Although Soper’s natural law is not based on a theory of adjudication, one might be tempted to think it has consequences for such a theory, for a crucial element in his test for law is someone’s certification that it is “not too unjust.” So we might expect that judges would, in addition to the usual source-based tests of validity, also check to ensure that there is no “serious moral error”(97) that might nullify a putative law. Surprisingly, Soper does not take this line either. He says that adjudication can skip the moral test, for all legal systems normally satisfy it. Moreover, they satisfy it with such reliability that positivist tests for law work as a kind of evidentiary presumption: “In most cases a social facts test for law probably is reliable and conclusive on the question of legal validity because in most cases the pedigreed norm probably cannot be said to be too unjust to be called law.”(99) The moral test for law thus normally plays no role in adjudication: we go on as before, though not forgetting the (remote) possibility that, “in theory”(99), a so-called law may be too unjust to merit the name.

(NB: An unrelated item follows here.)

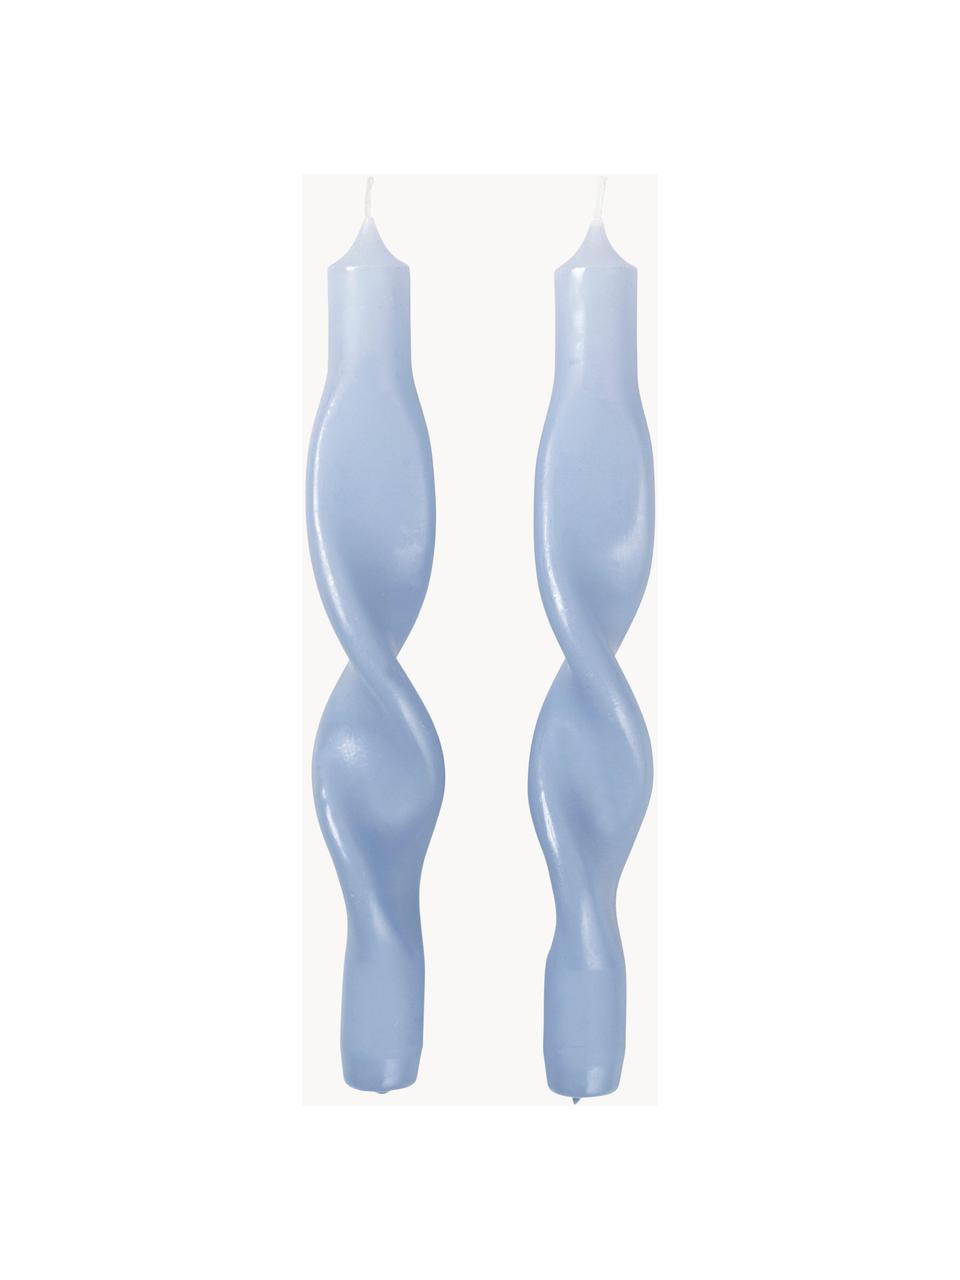 Stolní svíce Twist, 2 ks, Vosk, Světle modrá, bílá, V 23 cm

I confess to a certain disappointment whenever a natural lawyer’s build-up to the importance of moral criteria for the existence of law is followed by the let-down assurance that most laws meet the criteria. Not of course in Nazi Germany or old South Africa, the familiar stalking-horses. But what about the United States? One might naturally suppose it a consequence of Soper’s view that the U.S. had no legal system at all before 1965 (or, if that seems tendentious, before 1870), and also that the Supreme Court decision in Bowers v. Hardwick contributed no law to its current legal system. After all, many of us take slavery, segregation, and the criminalization of harmless intimacy to be paradigm cases of “serious moral error.” So the unreconstructed U.S. constitution was nothing approaching “a good faith attempt to administer in the interests of all”(166)—some abolitionists called it a “pact with the devil.” The fact that public opinion divided (and may even still divide) on these matters is irrelevant. Soper’s is not a test of popular approval; a serious moral error is one “which no reasonable person could in good faith fail to acknowledge.”(97) So which bullet will Soper bite? Will he say that the United States, for most of its history, had no legal system, and that seriously unjust Supreme Court decisions make no law? Or will he say that there is, after all, reasonable doubt whether the racism or heterosexism involves serious moral error? Both strike me as very costly ways of resisting the old idea that the existence of law is one thing, its merit and demerit another.